At Surescreen, the main thing we are trying to do is develop new tests for diseases beyond COVID-19, improve the sensitivity of tests so we are able to detect diseases better or earlier, and essentially increase the range of things we are able to accomplish using LFDs. My role as a Research and Development Scientist is to produce the tests themselves – all the way from doing the background chemistry and physics, through to spraying chemicals onto the strips of paper that are then packaged up within the plastic testing cassettes.
The first stage of research and development is disease targeting, which means choosing a disease with a suitable medical and business case for detection. At this point, we would be consulting and collaborating with colleagues from other medical fields – the NHS, academics, consultants and so on – to identify diseases that would benefit most from a rapid test. Those would potentially be diseases for which you need to get results quickly so that you can come up with a good treatment plan straight away, but where current testing takes a long time. Alternatively, we might be looking at diseases for which you might face regular screening once you hit a certain age category that puts you at greater risk. Any disease that creates a high input of tests and large workload for testing labs is a potential area of interest that could benefit from people taking rapid tests at home.
Once we’ve identified a target disease, the next stage is to obtain the antibodies that we use to develop the LFDs.
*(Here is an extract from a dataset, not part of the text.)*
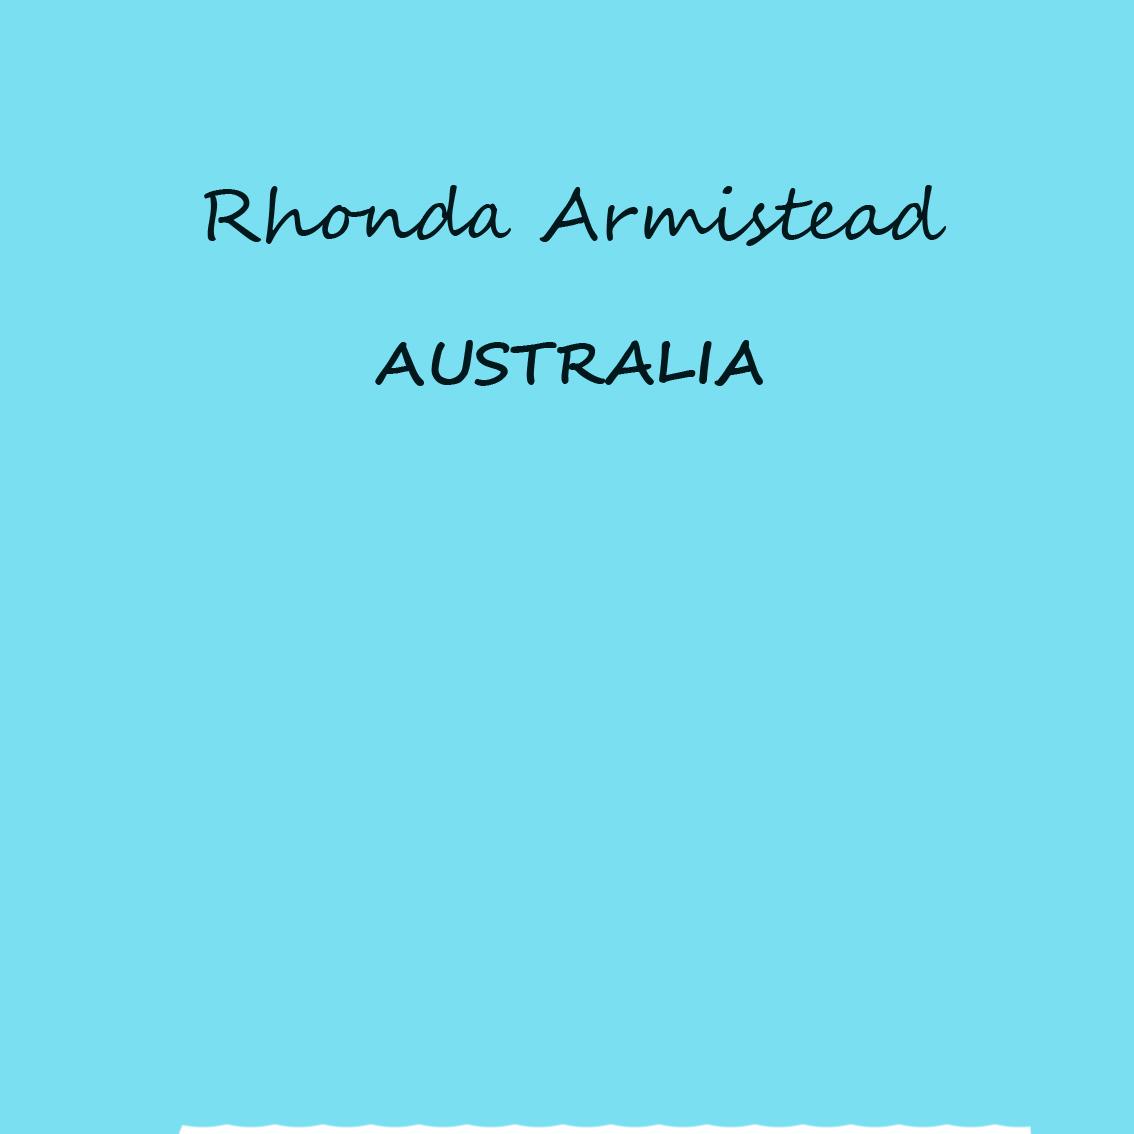 rhonda armistead Signature
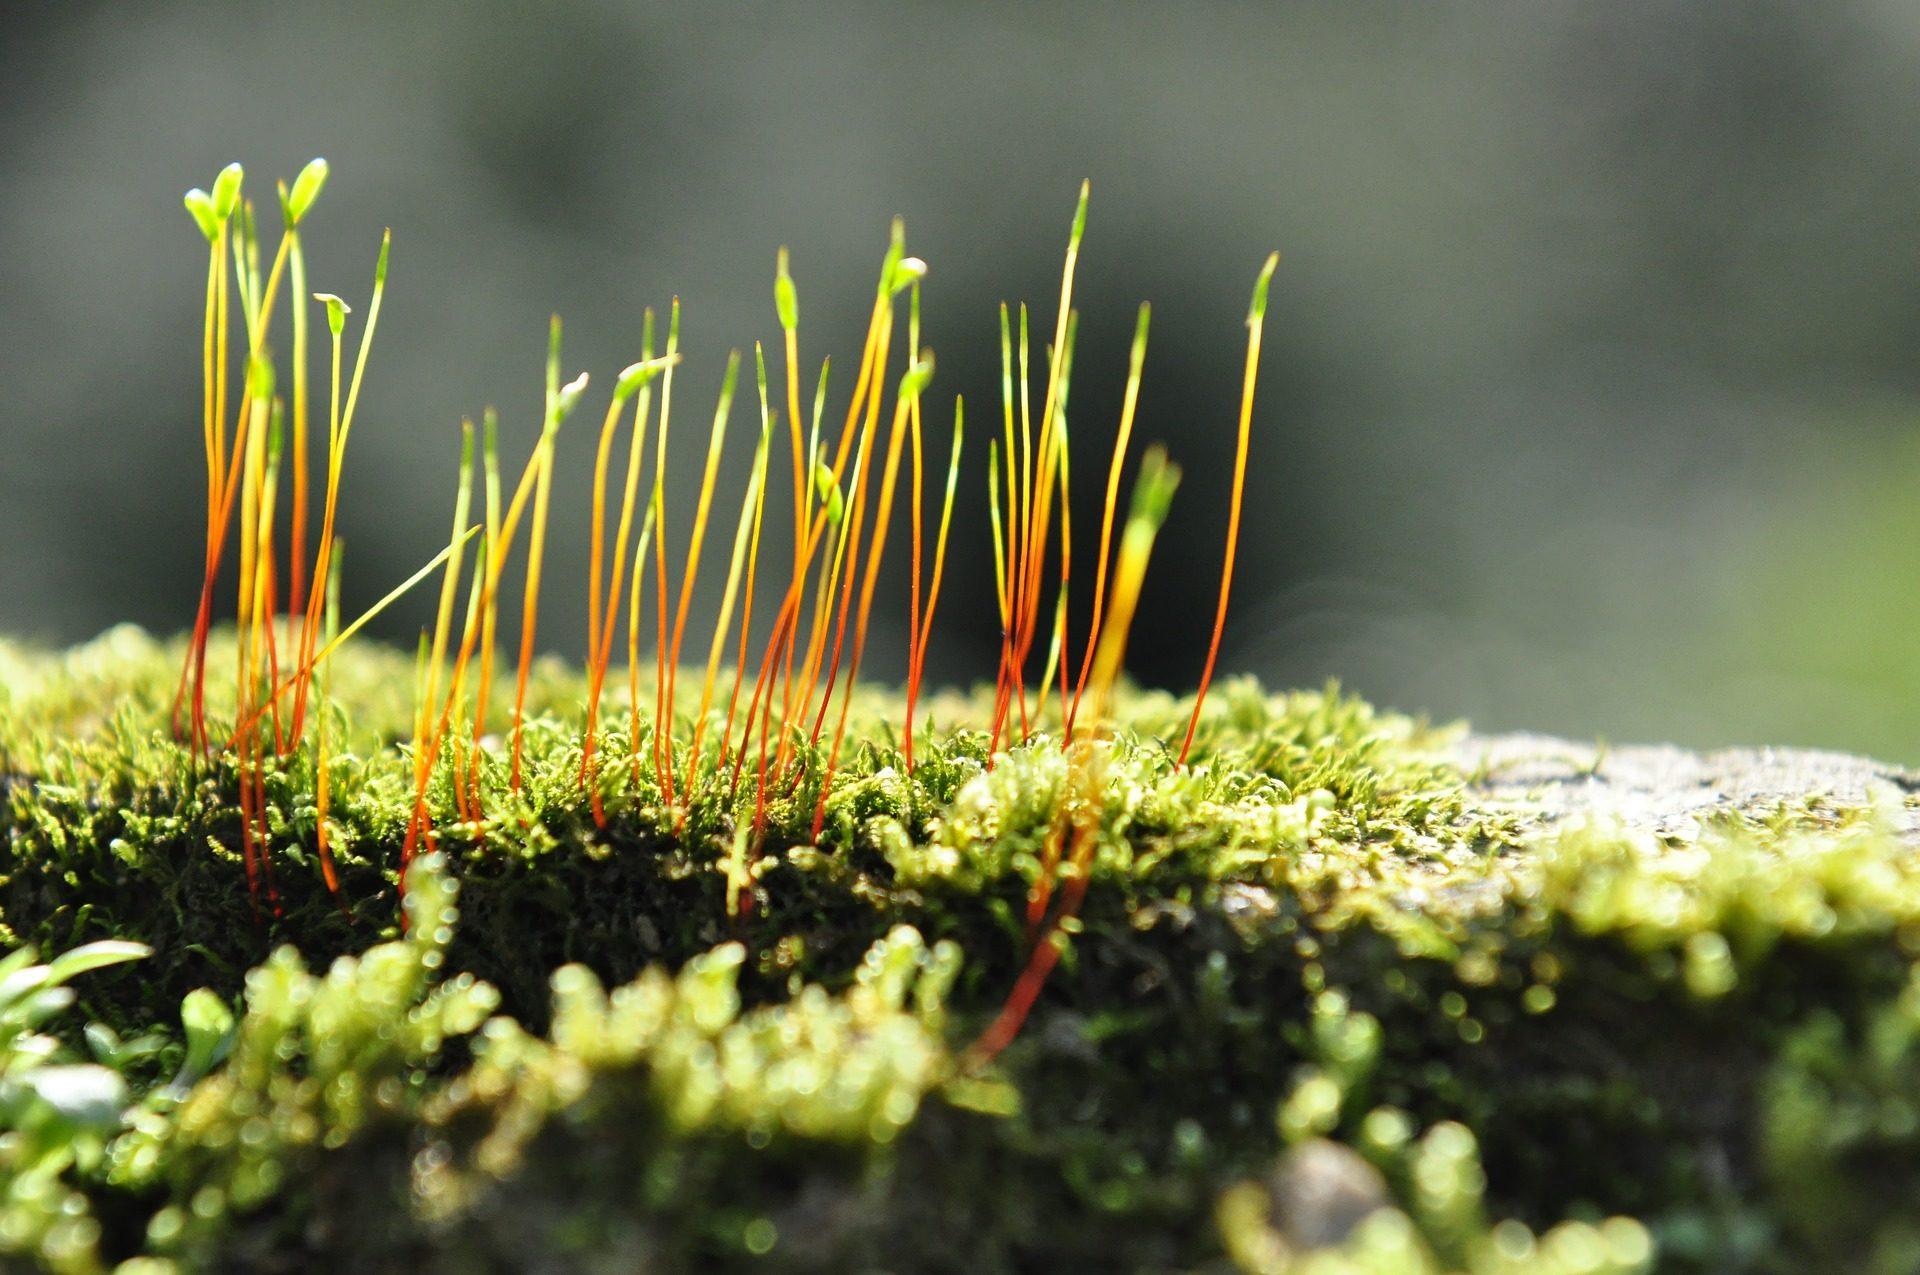 musgo, semillas, brotes, crecimiento, vida - Fondos de Pantalla HD - professor-falken.com

In the most basic sense, an antibody is effectively a small grabber that your body produces as part of an immune response, and it will specifically bind onto another molecule – in this case a virus, bacteria, protein or similar. We spray these antibodies onto the ‘test’ line of the LFD, so that as the sample liquid flows past they will ‘grab’ onto the virus (if present). At the same time, there are also some very small bits of gold – the nanoparticles that I make – which have a corresponding antibody on them that ‘grabs’ onto the virus. The gold is coloured bright red, so if the virus is present, the gold antibody then sticks to the ‘test’ line along with the virus – giving the bright red line that indicates you have tested positive. If the virus isn’t present, the gold flows past so that there is no colour sticking to the test line – a negative result.
One of the biggest challenges during the R&D stage is achieving the correct level of specificity. Success depends on your antibody being able to pick out one – and only one – marker. Taking the COVID test as an example, you need to be extremely sure it’s only detecting COVID, and not also colds and flu. This means that whenever we pick a new target, we need reliable antibodies in order to make sure that the test we make is incredibly specific to the one marker that we’re looking for. Once we have achieved the desired level of specificity, it is then absolutely vital to test and validate our product before sending anything out, to ensure that we are achieving our goal of providing an accurate diagnosis.